Один только рассказ оставляет по-настоящему светлое впечатление — «Последний бой майора Пугачева». Если первые партии заключенных, привезенные в 30-е гг., как пишет Шаламов, «выучились не заступаться друг за друга, не поддерживать друг друга» и «их души подверглись полному растлению», то узники 40-х — репатриированные из Франции, Германии, советские офицеры и солдаты, поняв, что их привезли на смерть, устроили заговор, расстреляли конвоиров, убежали из лагеря. Окруженные, они были уничтожены, пробыв несколько дней на свободе, в тайге. Почему светлое впечатление? Да потому, что и Пугачев, и Солдатов, и Игнатович, и Левицкий предпочли медленному умиранию гибель в бою, отстаивая честь офицеров и товарищескую верность. Их не коснулся духовный геноцид. Он страшен, спущенный сверху, охвативший все группы каторжан. Вот почему Шаламов говорил, что «в лагере нет виноватых»: «...И это не острота, не каламбур. Это юридическая природа лагерной жизни... тебя судят вчерашние (или будущие) заключенные, уже отбывшие срок. И ты сам, окончивший срок по любой статье, самим моментом освобождения приобретаешь юридическое и практическое право судить других».
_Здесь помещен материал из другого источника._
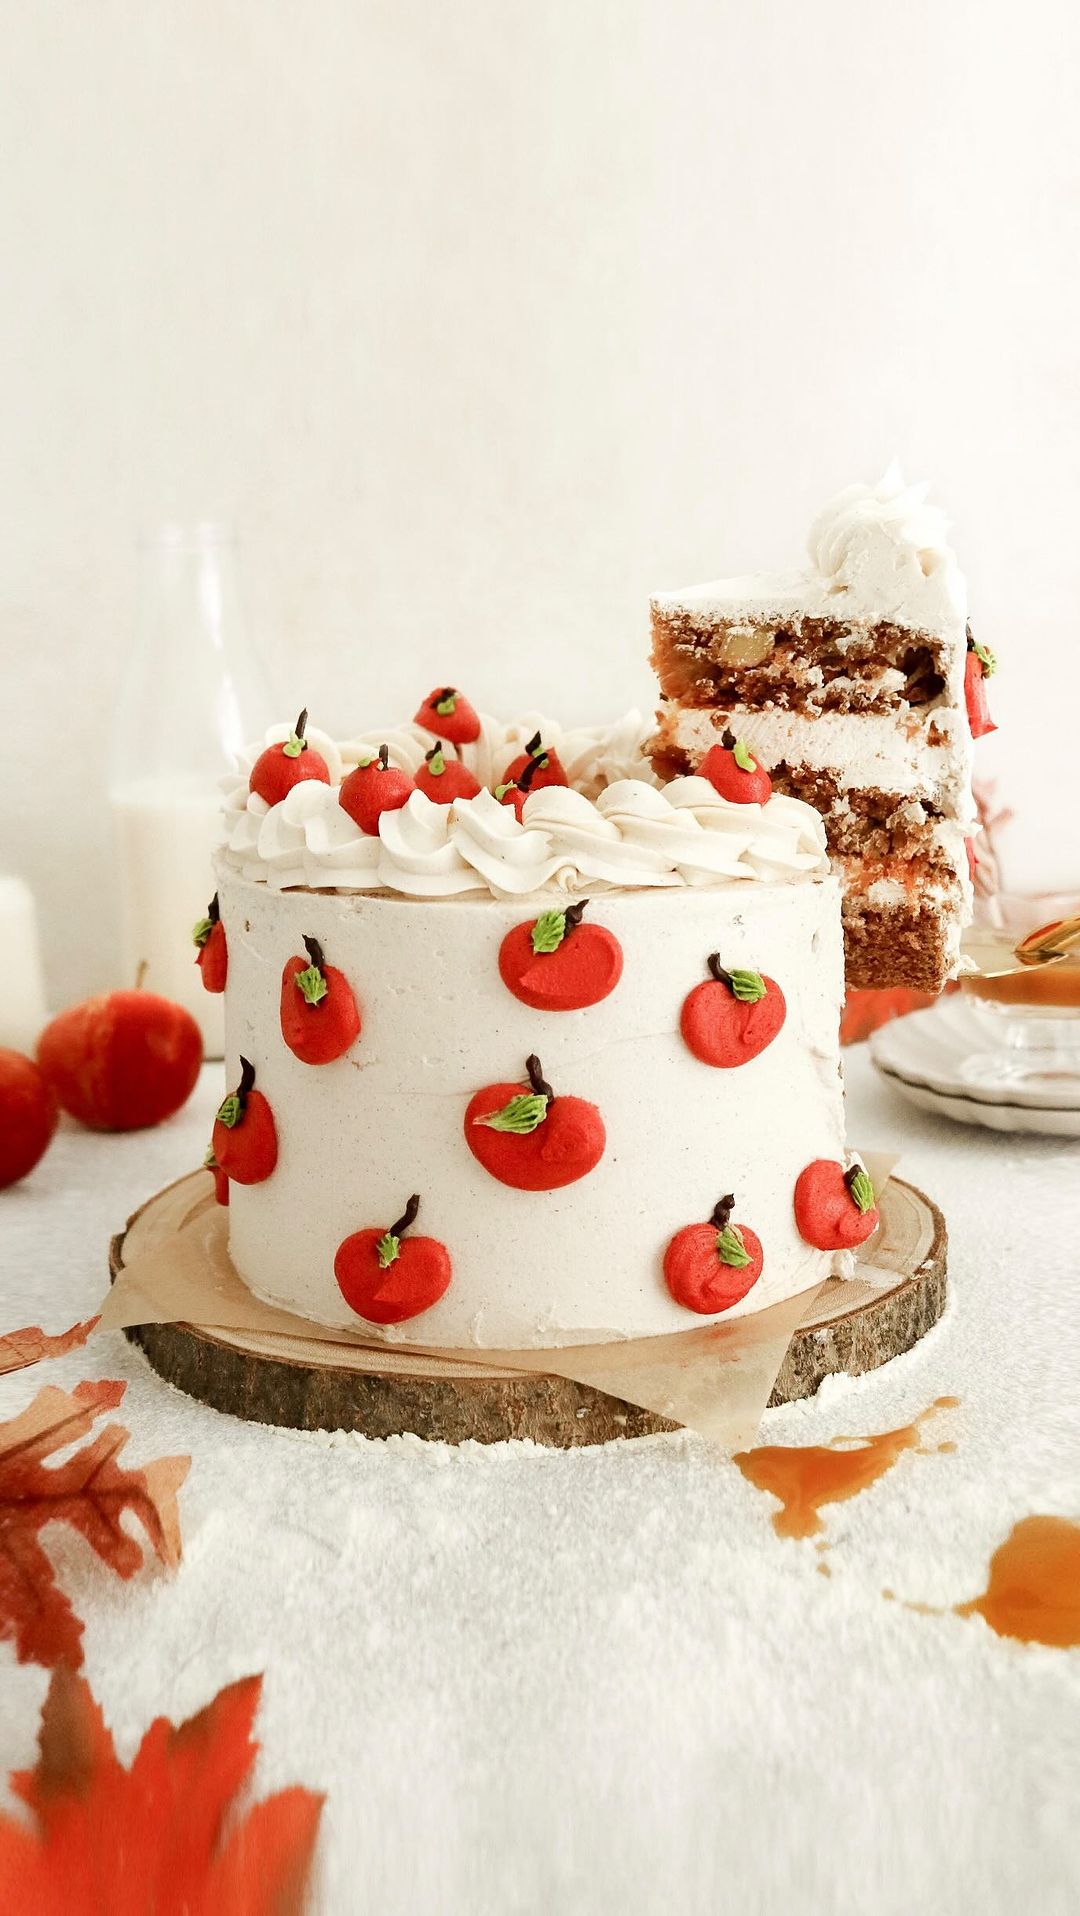 Vegan Apple and Cinnamon Layer Cake with Frosting

«Один день Ивана Денисовича» А.И. Солженицына (род. 1914). Есть такие писатели, о которых можно было бы сказать: явление. Солженицын относится к их числу. Писатель, публицист, историк, гражданин, он, описав все этапы и механизм движения красного колеса русской истории, заглянул в глаза народного страдания и поставил вопрос: «Что с нами происходит?» Исключенный в 1969 г. из Союза писателей СССР, а в 1974-м насильно выдворенный на Запад, он вернулся в 90-е гг. в Россию великим русским писателем.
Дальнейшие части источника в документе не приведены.